Note that we also already have other heuristics to throttle repatching if it happens a lot, and those heuristics do exponential backoff.  Those heuristics are meant to be like a rearguard, and they enable us to be sloppy in other places - for example the generated code in the stub is sometimes unsure about whether it wants to call the C++ slow path for repatching or the C++ slow path for just a plain polymprphic access.  In case of doubt they can call the repatching one because if it happens often then the repatching slow path will behave like the plain one because of the exponential backoff.
Comment 20 Filip Pizlo 2016-04-12 13:06:42 PDT
Landed in http://trac.webkit.org/changeset/199382
Comment 21 Chris Dumez 2016-04-13 17:24:53 PDT
I see a ~1% Cold PLT progression on iPhone 5 after this change.
Comment 22 Chris Dumez 2016-04-14 08:58:47 PDT
(In reply to comment #21)
> I see a ~1% Cold PLT progression on iPhone 5 after this change.

Looks like a potential 2% progression on Speedometer / Mac as well.
Comment 23 Chris Dumez 2016-04-14 09:12:58 PDT
(In reply to comment #22)
> (In reply to comment #21)
> > I see a ~1% Cold PLT progression on iPhone 5 after this change.
> 
> Looks like a potential 2% progression on Speedometer / Mac as well.

And a ~3% progression on Speedometer / iOS as well.

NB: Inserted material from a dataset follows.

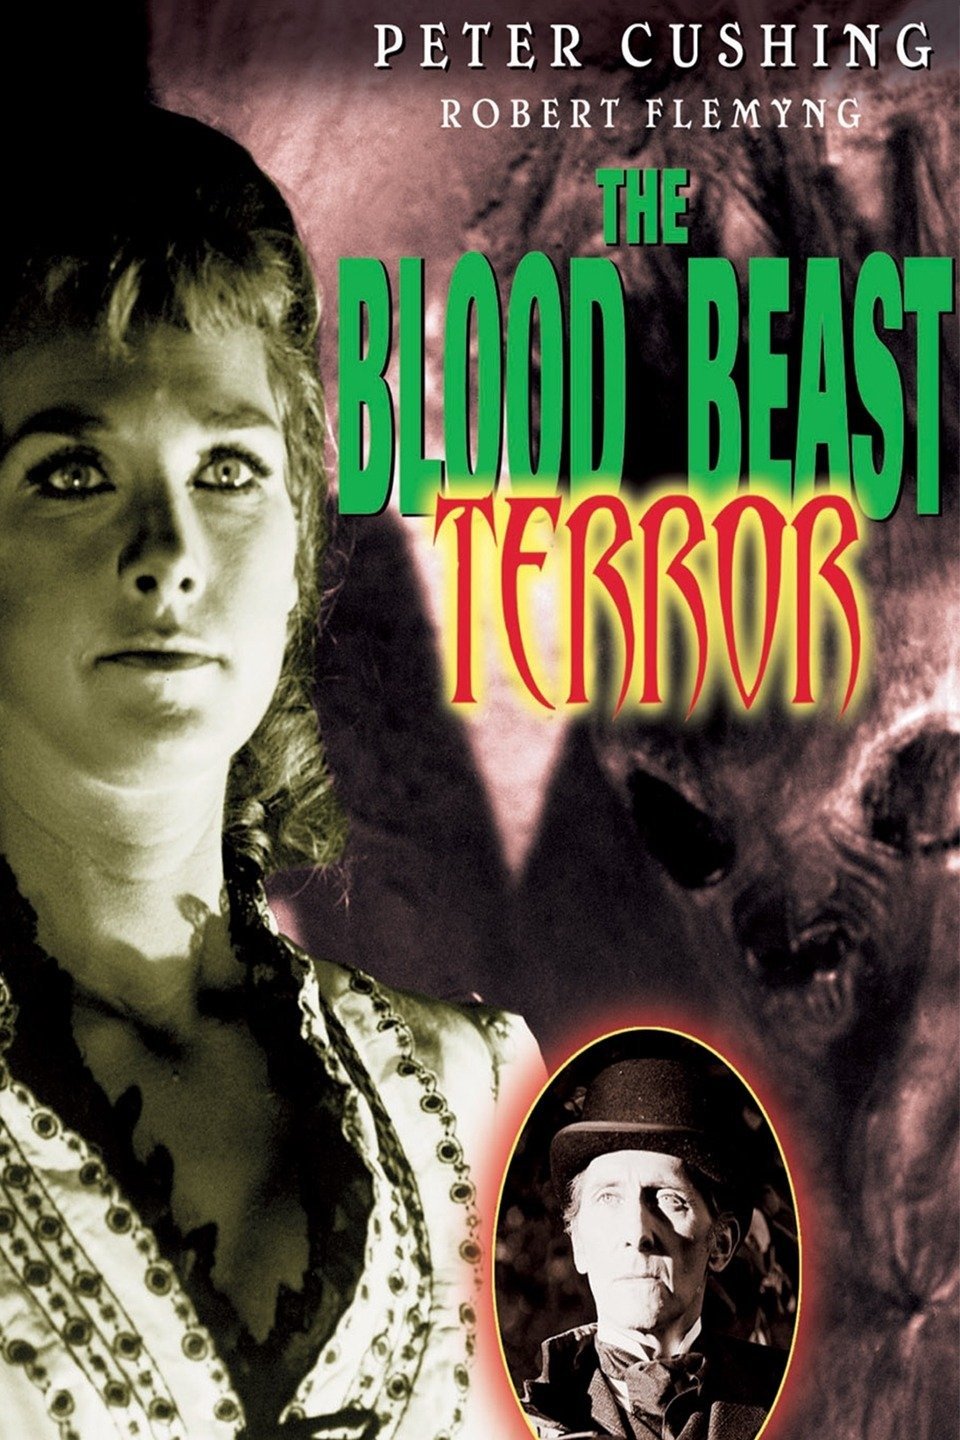 The Blood Beast Terror Movie Reviews
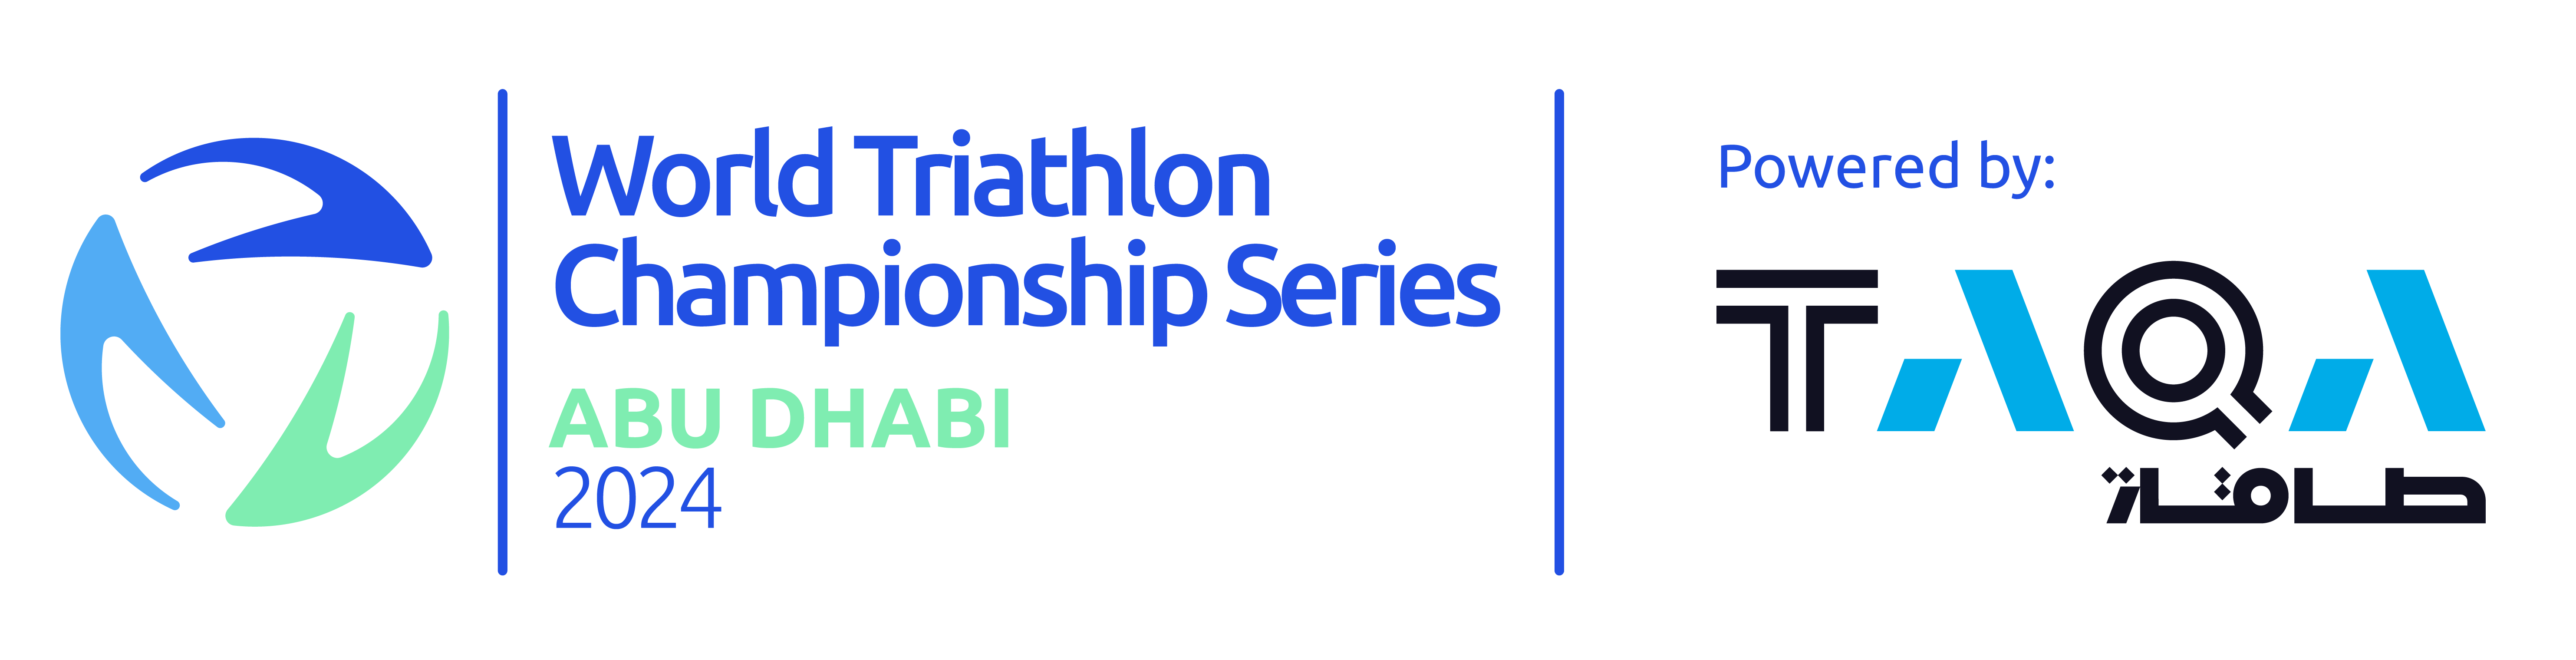 2024 World Triathlon Championship Series Abu Dhabi logo

Comment 24 Kyle Seely 2016-08-03 10:15:00 PDT
This bug is affecting my application in really bad ways and I need to find a workaround for the current version of safari because this fix isn't there. I did a bisect of webkit and it led me to the commit that fixed this bug. Here is a jsfiddle https://jsfiddle.net/ohofdets/10/ that will reproduce the error in safari 9.1.2. The fiddle works as expected in the nightly build of webkit and the bisect led me to this commit. To give you some context of what the fiddle is doing we use a library called watchjs that uses Object.defineProperty to call callbacks when an object's property changes. Do you have any ideas of how I can work around this bug in javascript to eliminate this bug for safari users?